Het is er tijd voor. Dat bedacht ik me rond oktober, toen ik op de uni bezig was aan mijn pre-master en in een soort continue staat van paniek zelfs de minuten in de tram een tijdverspilling vond, want ik wilde immers ieder artikel kunnen dromen. Dat principe had ik met de start van de master in februari inmiddels laten varen (samenvattingen zijn fan-tas-tisch), maar de behoefte om op mezelf te gaan en in de stad achter de duinen te gaan wonen verdween niet. Ik was er inmiddels oud genoeg voor en stel dat ik bang zou worden in het donker (ja, dat heb ik en nee, daar groei je niet uit) dan zou ik vanuit Den Haag binnen een half uur bij mijn mama op de stoep staan. Dus wat kon er nou eigenlijk misgaan? Dacht ik..

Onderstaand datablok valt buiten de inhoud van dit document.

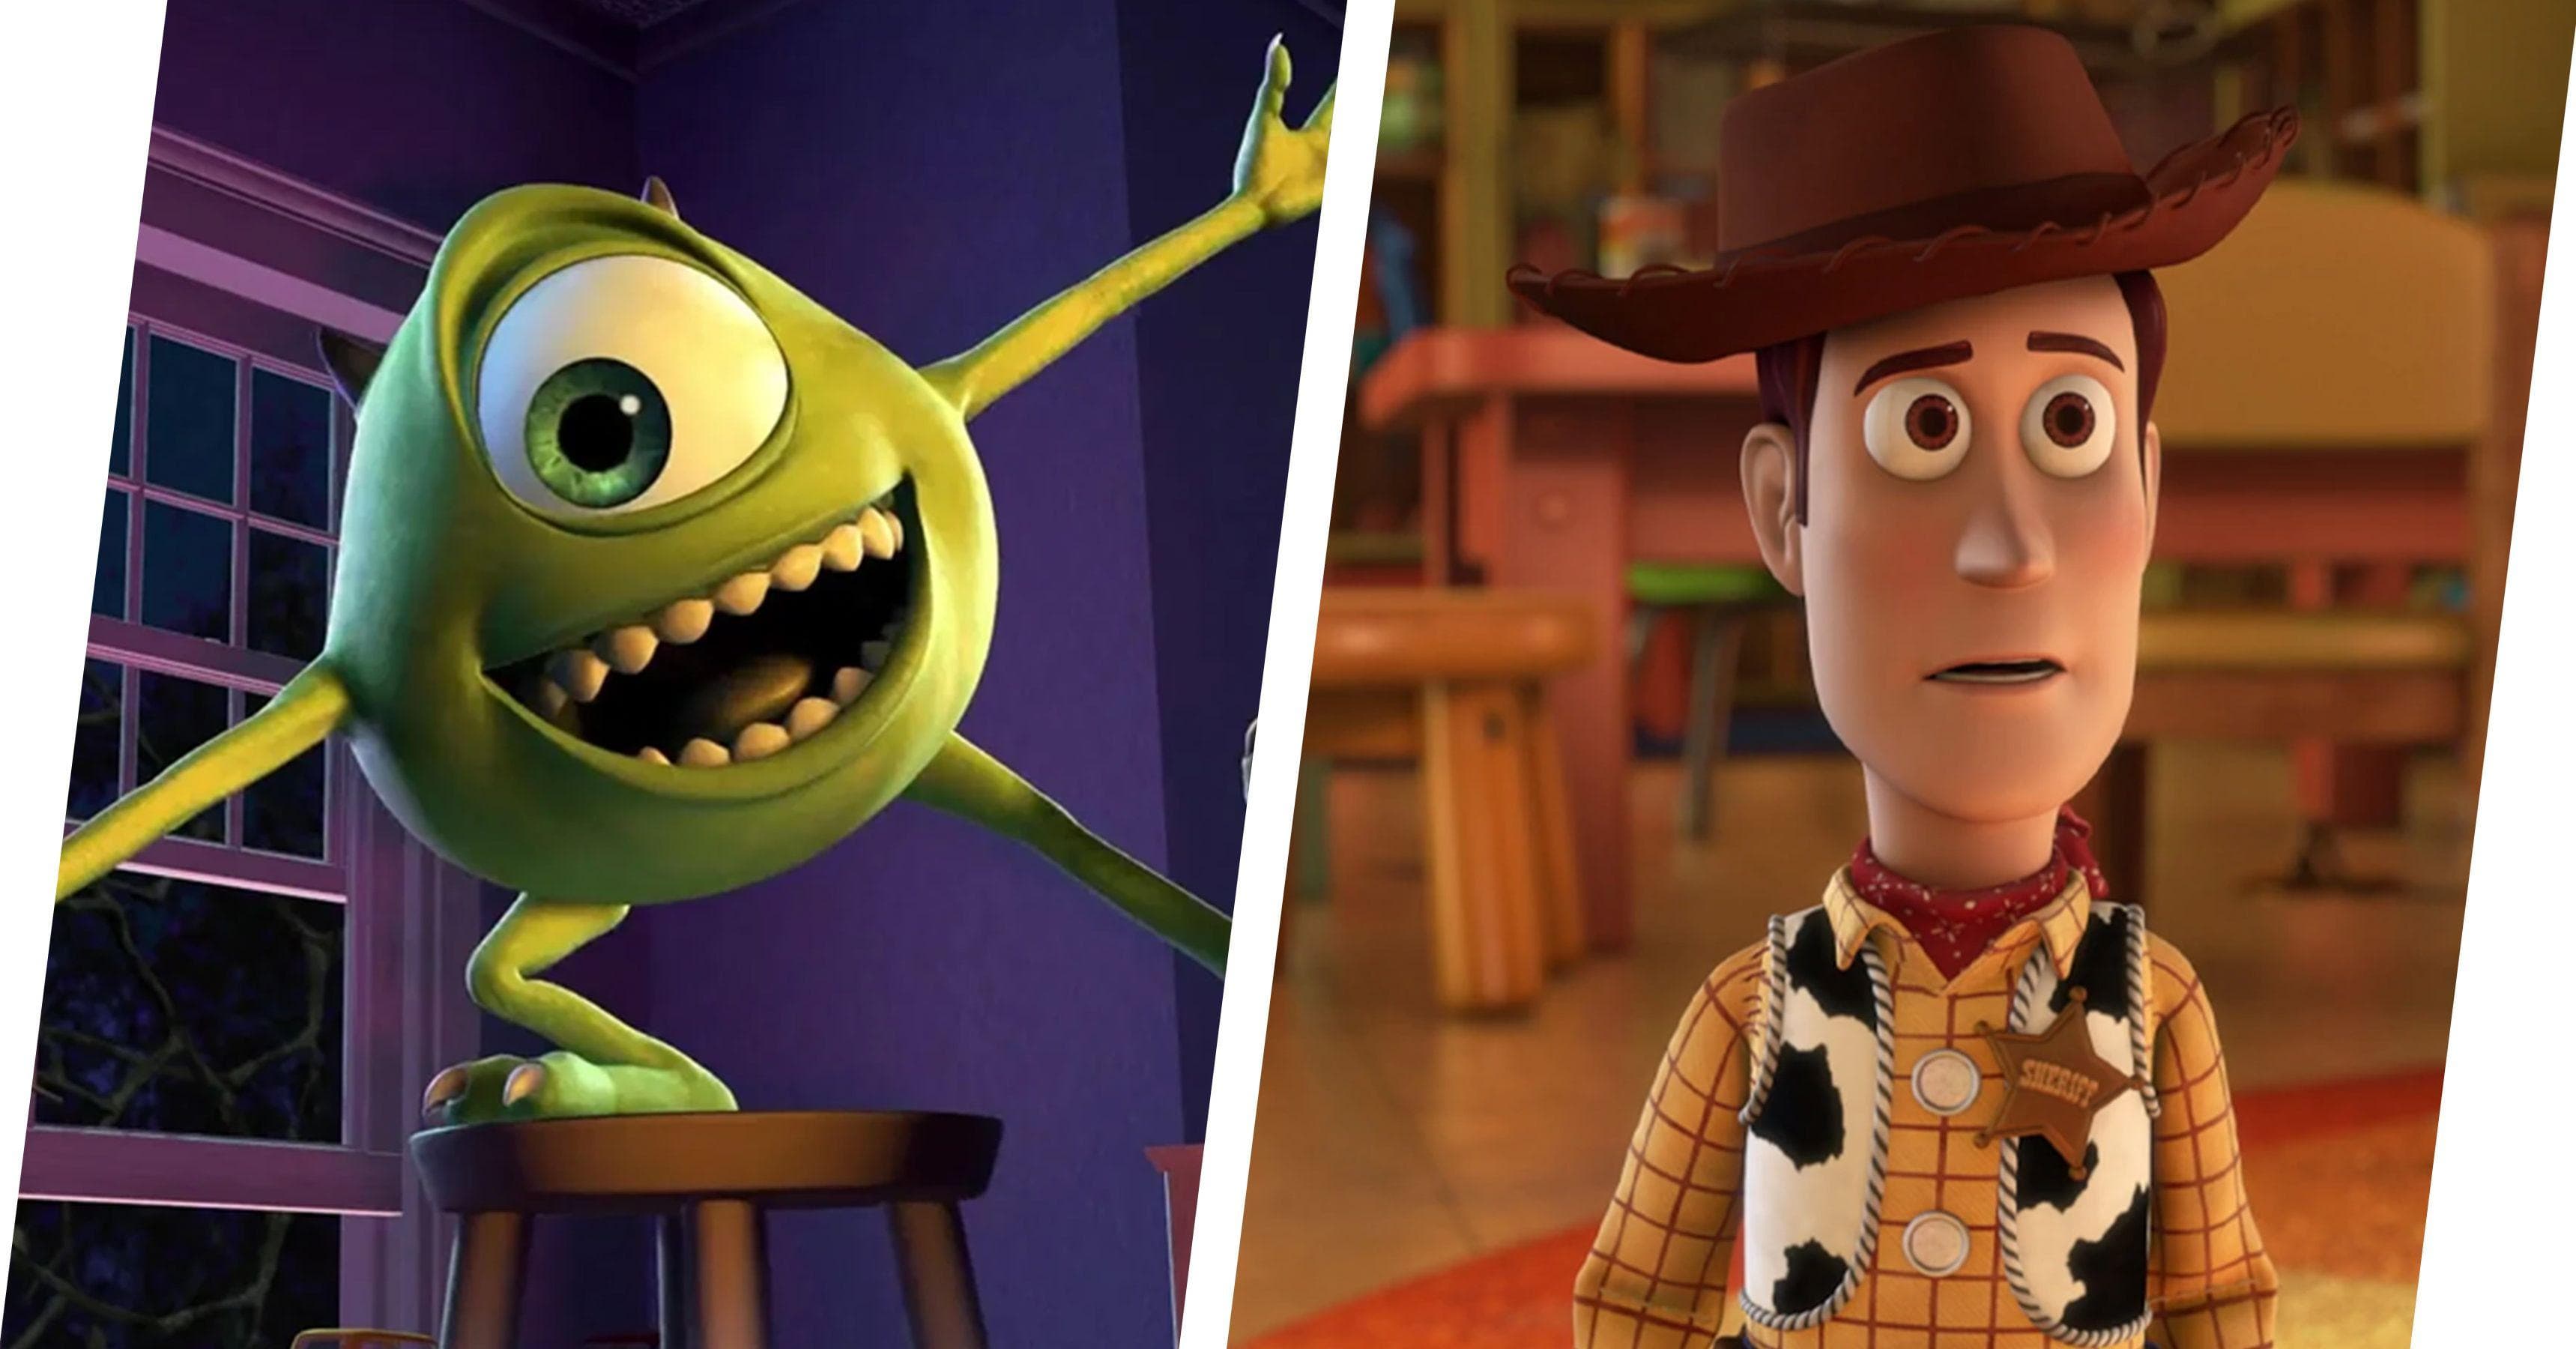 Dash - The Incredibles - Pixar - Character profile 
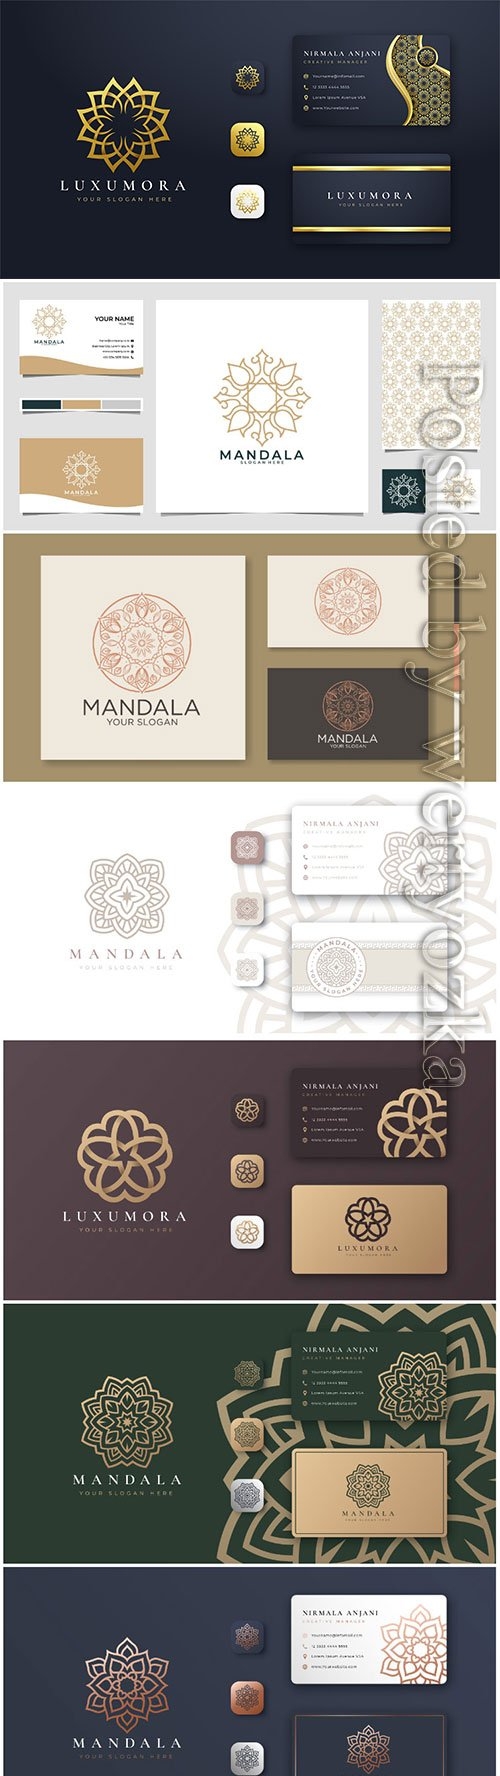 Golden mandala logo with business card premium vector

Ik bleek dus uiteindelijk te zijn gevallen voor een klushuis. Ik noem het mijn klushuis maar daarmee geef ik de studio exclusief badkamer en inclusief muizenkeutels eigenlijk teveel eer. Toen ik mijn klushuis bekeek stonden de meubels van de eigenaar nog (strategisch) in de kamer en ik viel voor het lieve balkonnetje en de locatie (Zeeheldenkwartier is opkomend en mega en ik blog nog een keer waarom). Toen ik op 1 april binnenstapte voor de sleuteloverhandiging samen met mijn moeder dacht ze dat ik het klushuis als passende grap liet zien. Langzaam zag ik haar gezicht van ‘Haha jaja’ naar ‘oh no Joyce you didn’t’ vertrekken. Ook ik stond aan de grond genageld, want zonder meubels werd de realiteit pijnlijk duidelijk. Het was een zwijnenstal, terwijl ik de vorige huurder de volgende dag nog vrolijk aan de telefoon had dat de schoonmaak goed gelukt was en dat één keer witten wellicht niet nodig zou zijn. Hij had gelijk, het werden drie keer witten voor de muren, vijf keer voor de deuren en blind twee potten verf binnen gooien in de keuken.
Terwijl mijn huurbaas vriendelijk de sleutels in mijn hand liet vallen, merkte hij op dat hij vond dat alles er prima uitzag, hoewel een schoonmaakbeurt de boel wel zou opfleuren. Ik merkte vooral dat onze meningen omtrent primaire levensbehoeften erg uiteenliepen. Ook heeft hij een slecht inschattingsvermogen voor wat betreft het binnen handbereik van mijn moeder staan terwijl haar gezicht inmiddels op ‘iemand gaat het ontgelden want mijn kleine baby overleeft het hier nog geen week’ stond.
Ik heb geleerd dat er verschillende soorten klussers zijn. Mijn vriendin Nathalie is twee keer antikraak verhuisd, was nergens bang voor en kon witten als een malle; zij was “de ervaren-maak-je-geen-zorgen-het-wordt-echt-mooier-klusser”. Mijn kleine zusje was een dieseltje, eenmaal op gang onvermoeibaar en consistent en blijkbaar goed in sauzen; “de laat-mij-maar-ik-ben-zo-klaar-klusser”. Mijn moeder wapende zich dapper met schuursponsjes, soda en schoonmaakhandschoenen en ging de keutels in de keuken te lijf; “de superheld-vecht-tegen-vuil-klusser”. En mijn lieve vriendje kwam, zag en overwon en knapte in een dag de hele keuken en de kamer op zonder een onvertogen woord; “de nee-ik-maak-dit-even-af-oeps-ik-heb-alles-even-gedaan-nu-is-het-ineens-best-mooi-klusser”. Ik ben trouwens “de spontane-mental-breakdown-klusser” met weinig échte toegevoegde waarde maar wel met kans op spontane huilbuien en stampvoet-aanvallen. Ik breng dus een soort afleiding, dus dat was ook wel leuk.
Gedurende het klusweekend werd er dus gewit, gehuild, gewit, gekit, gewit, gepoetst, geboend, weggebrand, gehuild, gewit en uiteindelijk gelachen. Want na drie volle dagen klussen, verven, schoonmaken, broodjes eten en meedansen met FunX ziet de studio er bewoningswaardig uit en kan ik door de rommel en viezigheid heen kijken en weer een beetje lachen. En ik heb een lesje voor life geleerd: ik zeg nooit meer ja tegen een woning na een bezichtiging van vijf minuten… denk ik.